俺を守って。俺を助けて。ずっと一緒にいて。
……全部俺が蒼に頼んだことだった。
過去の記憶の中で、蒼は俺に誓ってくれる。
俺の欲しい言葉を。
望む言葉を。
言ってくれる。
その約束は、守られることはなかったけど…それでも…その言葉だけでも、どうしようないほど嬉しくなってしまう。
「俺は、まーくんが俺を”好き”でいてくれる限り、絶対に離れたりしない」
「……ぜったい…に…?」
「…うん。まーくんの母親みたいに、まーくんから離れたりなんかしない。裏切ったりしない。殴ったりしない」
「…っ、」
「だから言って、俺のことが”好き”だって」
「…あおいが…すき…」
ぽつりと呟けば、彼はふわりと嬉しそうに微笑む。
……好きの言葉に感情なんかない。
ただ繰り返しただけの言葉なのに、どうしてそんなに幸せそうな顔をするんだろう。
「うん。それでいい。まーくんがいい子でいれば、好きって言ってくれれば、ちゃんとご褒美もあげる。もう、寂しくないよ。」
「すき…っ、あおいが、すきだ…っだから、ずっと…いっしょに、いて…」
ぼろぼろと泣いてその身体に抱き付いて縋る俺に、彼は頬を緩めて俺の髪にキスを落とした。
抱きしめてくれる。
「…俺も、好きだ。好きだよ。世界中の誰よりも、まーくんを愛してる」
「あおい…、すき…っ、おれも…あおいが、すき…」
「もっと求めて、俺に言って、…好きって言って」
「…あおいが、すき…っ…すき…す、…ッ、んん…っ、…ふ…ぁ…ッ」
「まーくん…好き…好きだよ…」
俺が言い終わる前に、欲情の色をその瞳に浮かべて我慢できないというような表情をした蒼に、噛みつくように唇を塞がれた。
……そうだった。
思い出した。
あの時だけじゃない。
母さんがいなくなってからずっと誰かが傍にいてくれないと泣け叫びたくなるほどの恐怖に駆られるようになった俺の傍に、いつも蒼はいてくれて。

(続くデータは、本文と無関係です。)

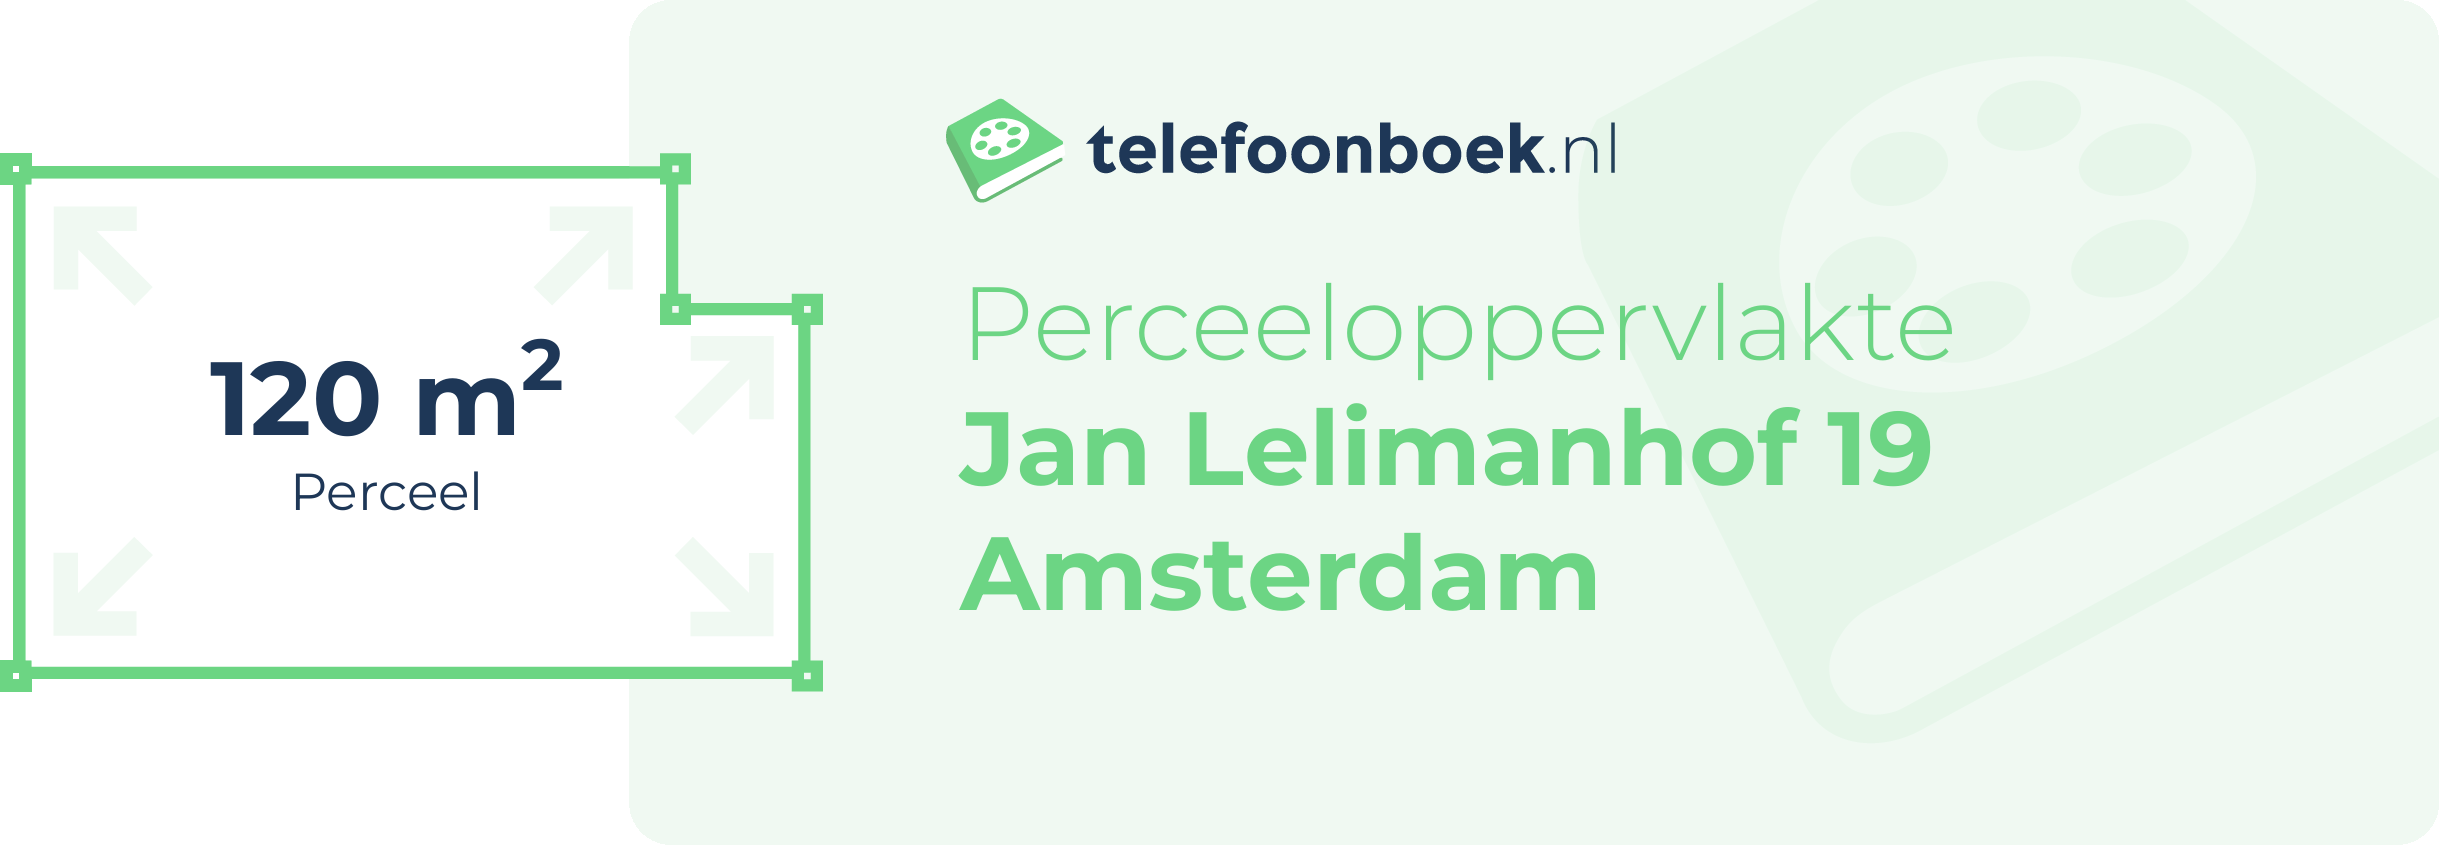 Perceeloppervlakte Jan Lelimanhof 19 Amsterdam

俺がそのことを何かがきっかけで思い出そうとすると、思い出さなくていい、まーくんは知らなくていい、大丈夫大丈夫って言いながら、毎回俺が落ち着くまで抱きしめててくれた。
あの時も、暗闇で玩具で弄ばれてずっと独りきりで辛くて寂しくて苦しくてもう死にたいと思っていた俺に、本当は思い出してほしいからあんなことしたくせに。
(…本当、蒼のばか…)
でも、もっとばかなのは、俺の方だ。
結局せっかく記憶を思い出しのに、蒼から媚薬を奪い取って全部記憶を消したくて、気がおかしくなるほど飲みまくった。
その前も俺は蒼にたくさん媚薬を飲まされてたけど、それをはるかに超えるくらい、たくさん飲んだ。

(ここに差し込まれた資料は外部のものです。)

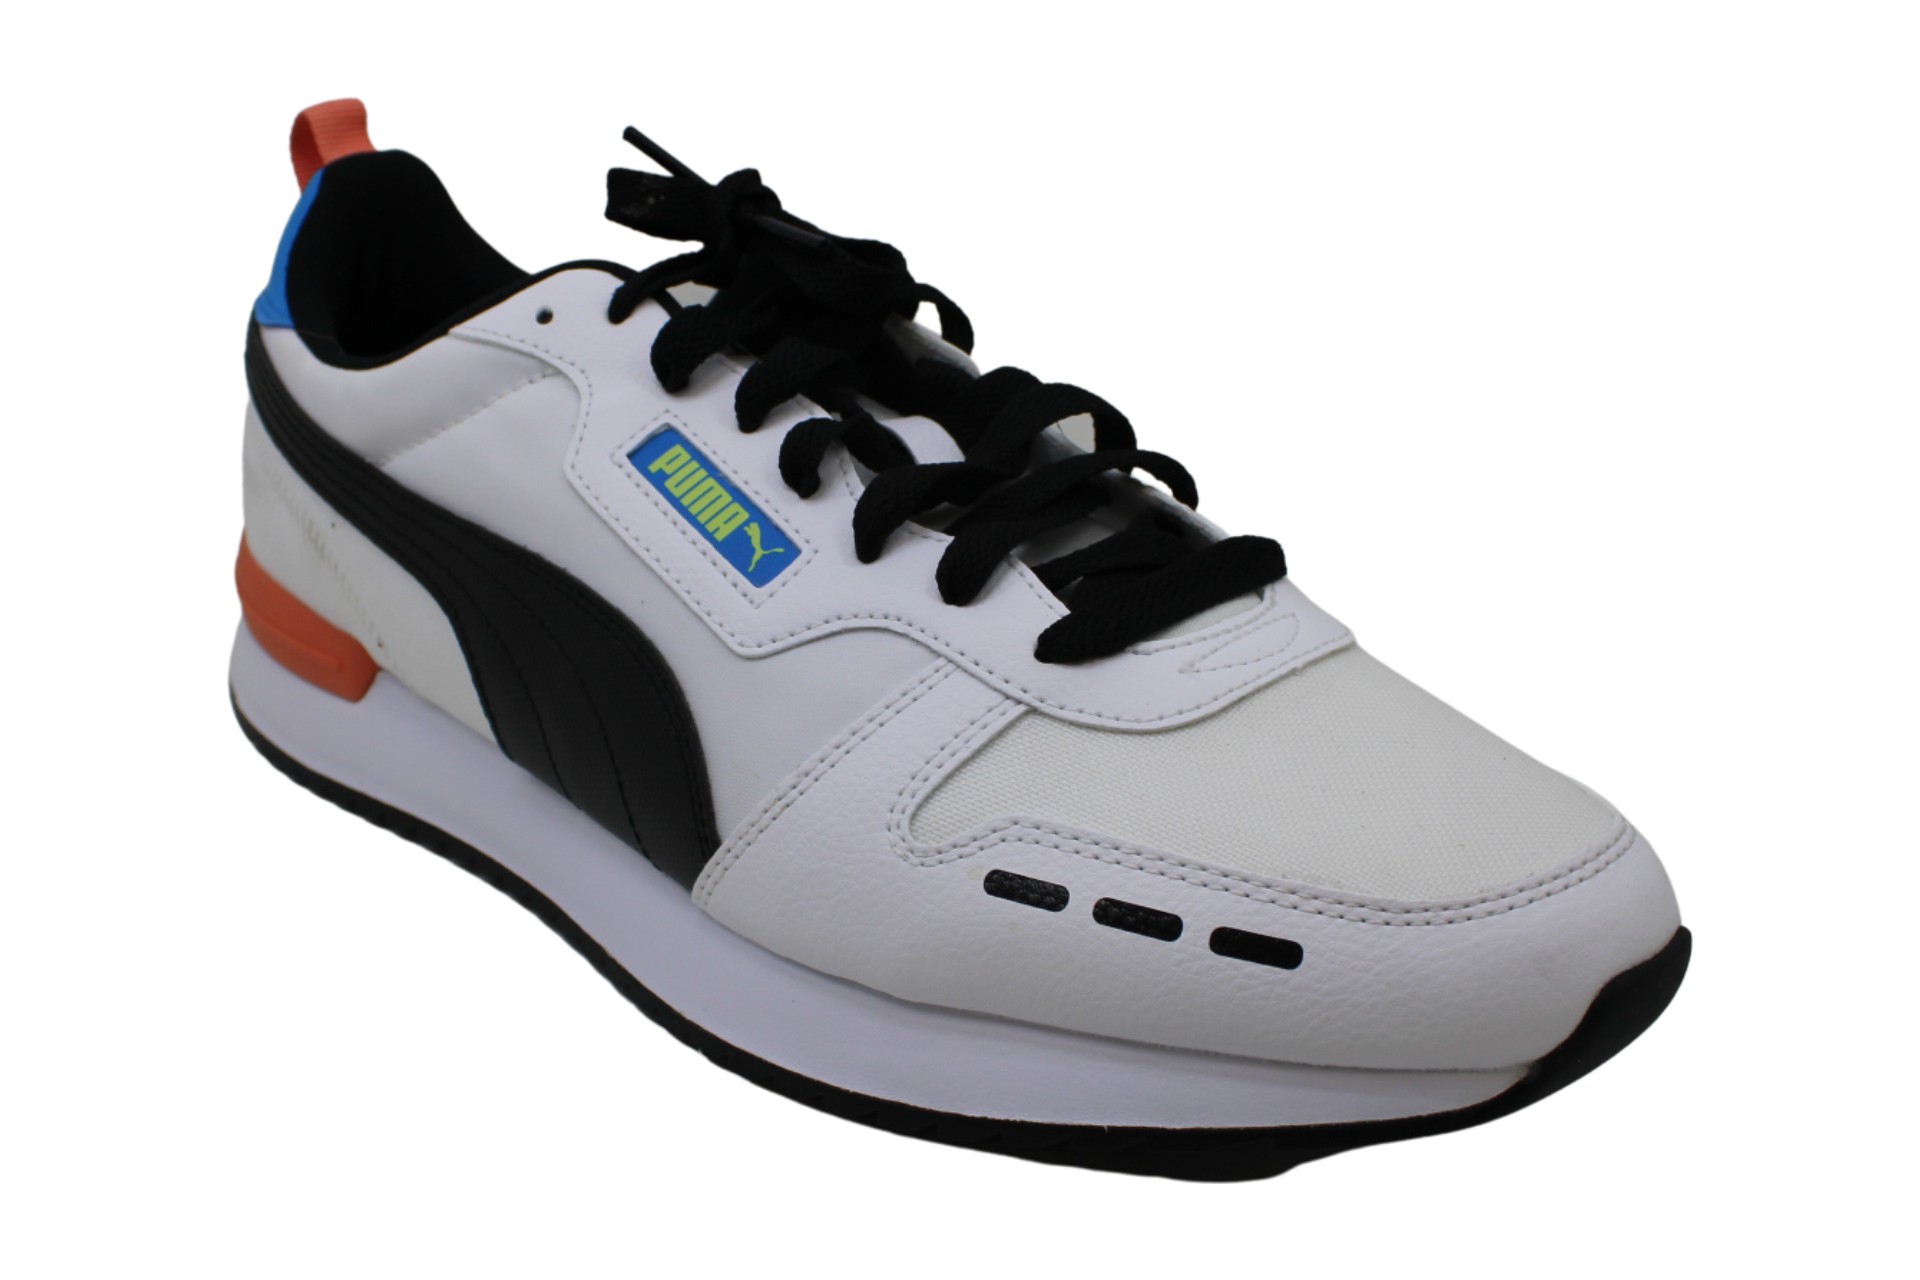 Puma Men's Shoes Fashion Sneakers, MultiColor, Size 13.0

それに蒼は、俺が”好き”だと言えば、離れていかない。もう、一人にしない。ずっと一緒にいてくれる。そう言ってくれたから…。
(だから、)
……だから、あの時、俺は蒼を”好き”になったんだ。
もっとずっと早くにそうしてれば楽だったんだろうけど、…ああやって暗闇に置いていかれて…初めて、あんなに強烈な恐怖を味わった。だから、元々一人が嫌いだったのに、…もっと嫌いになった。